* [Task goal] Word for word, output the data, with none of its pictures.

* [Data provided]

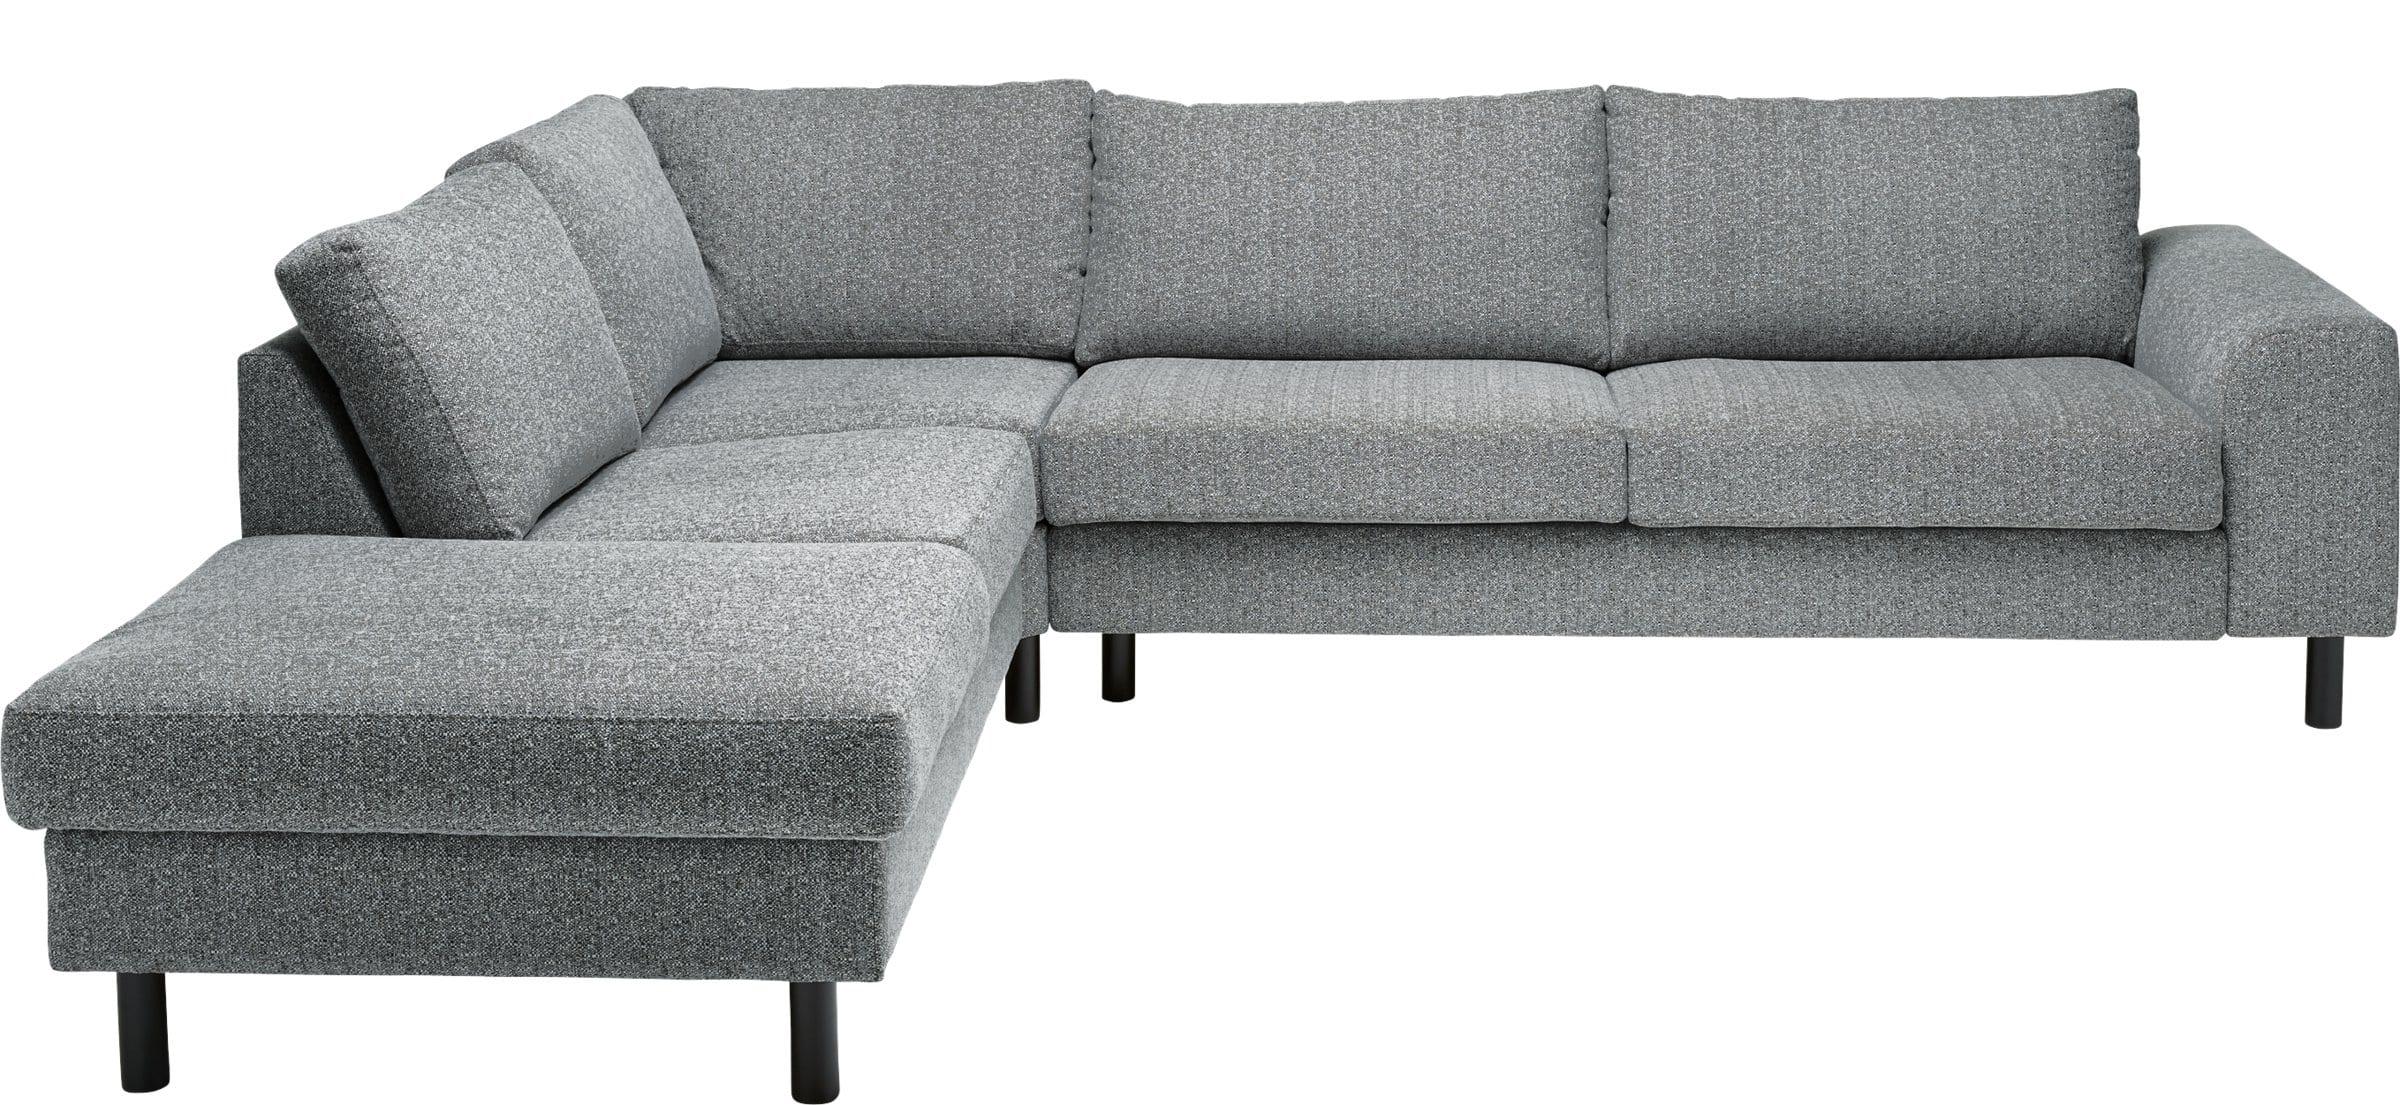 DIENER Canapé d'angle
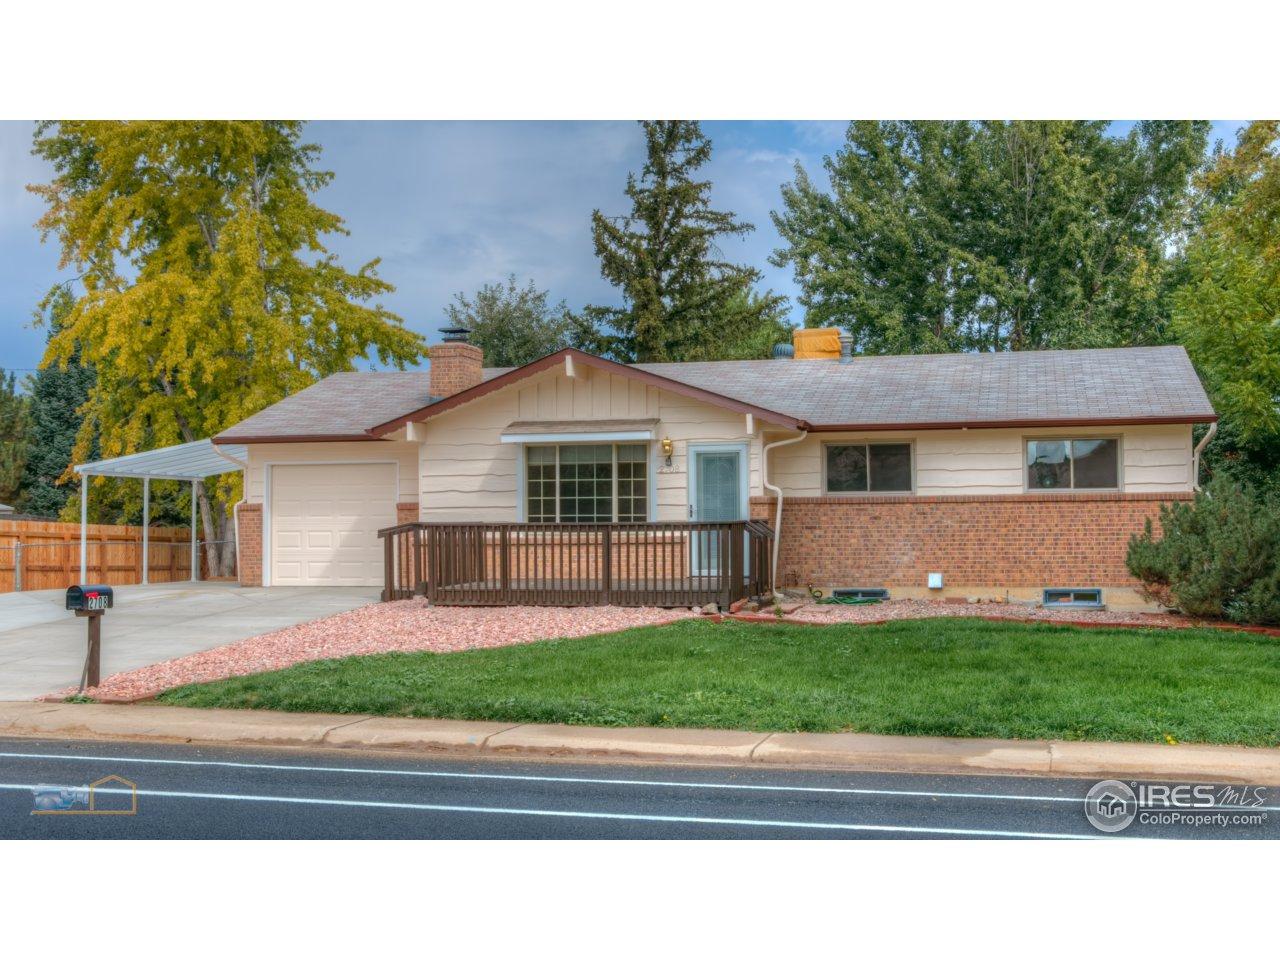 2708 Mountain View Ave, Longmont CO 80503
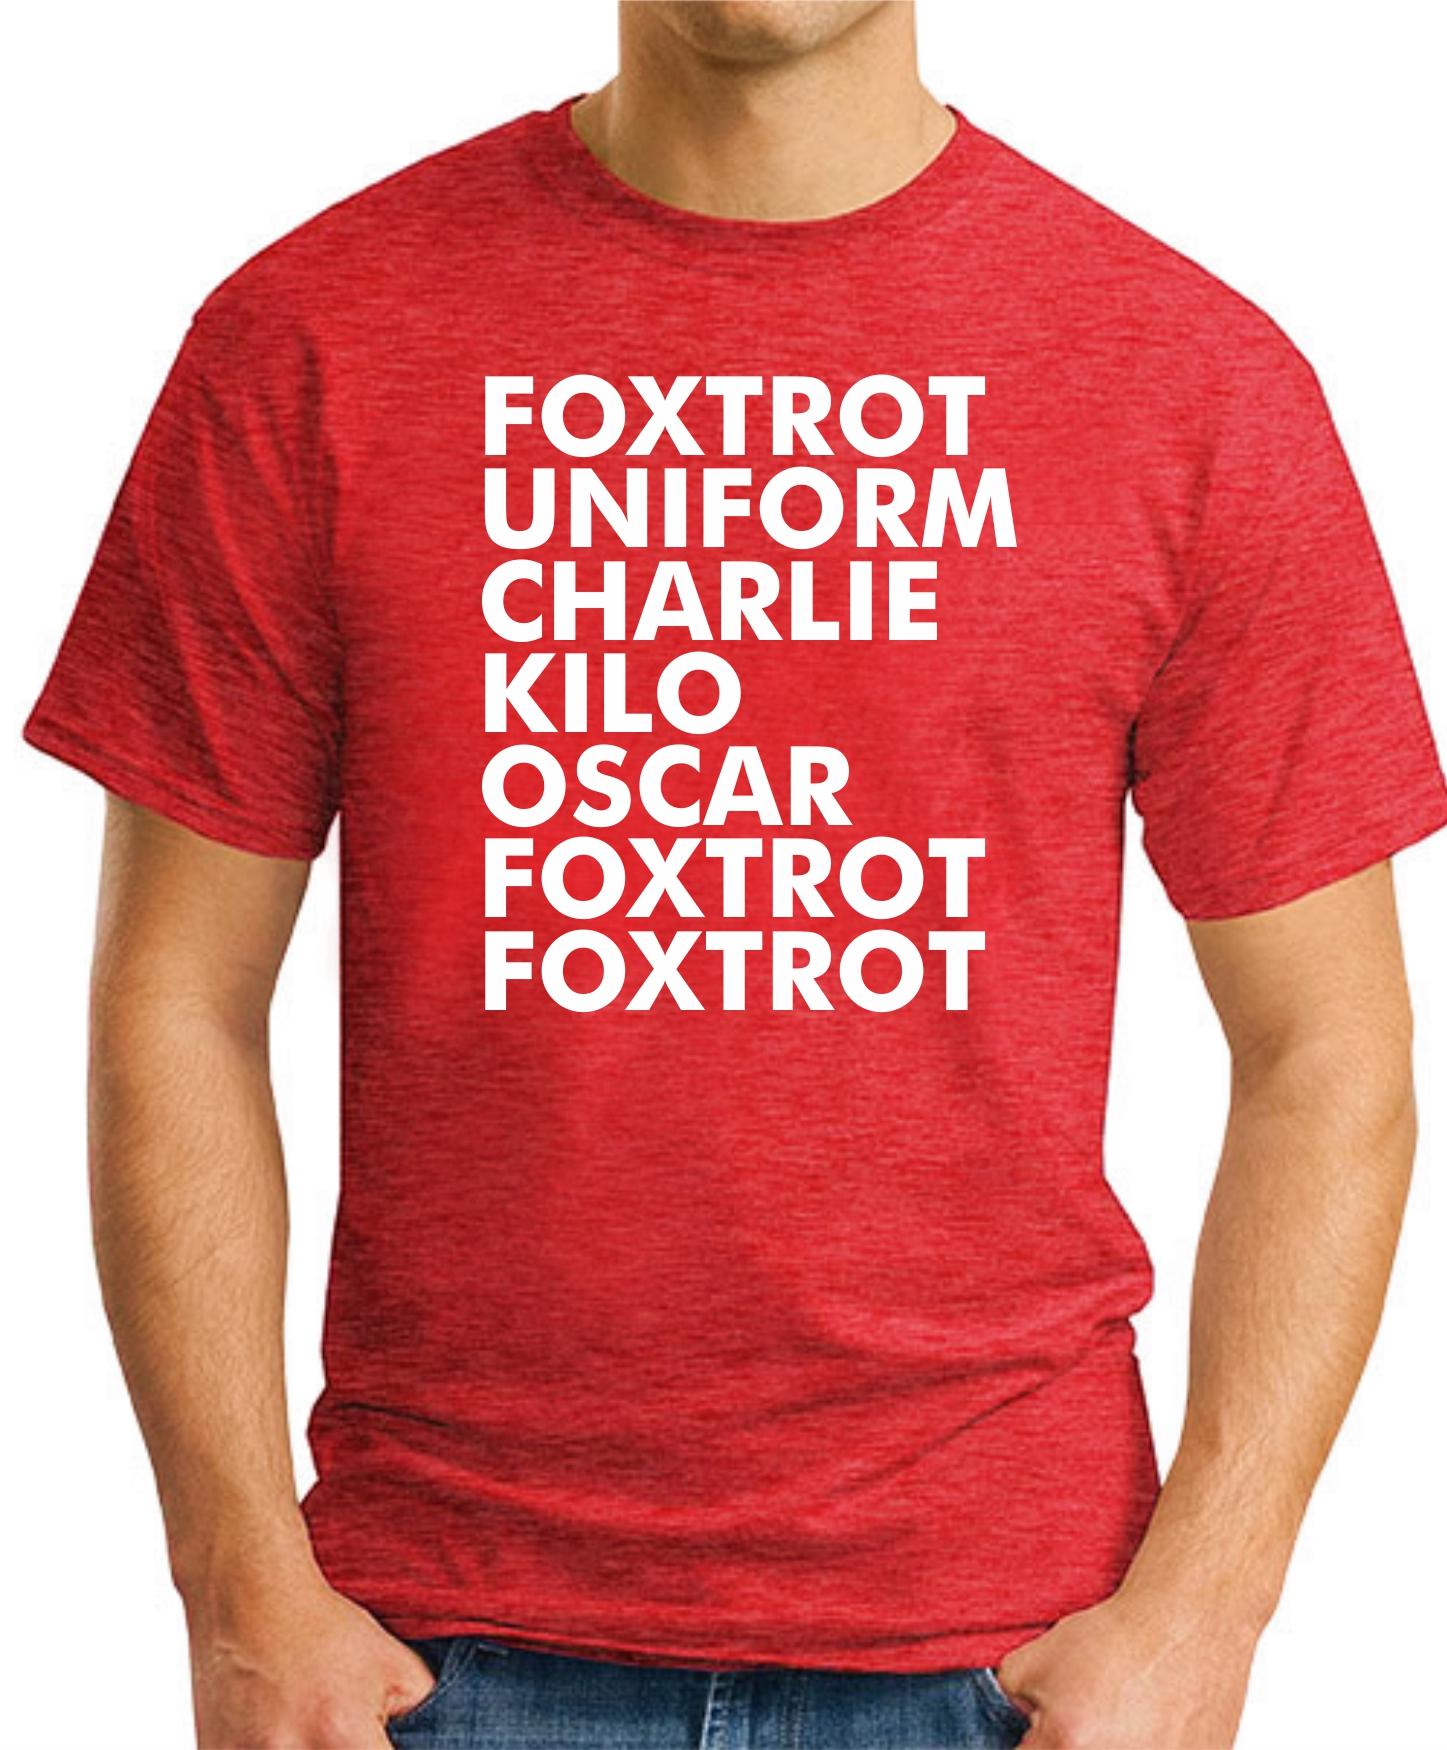 Foxtrot Uniform Charlie Kilo

* [Task solution]
 DIENER Canapé d'angle
 2708 Mountain View Ave, Longmont CO 80503
 Foxtrot Uniform Charlie Kilo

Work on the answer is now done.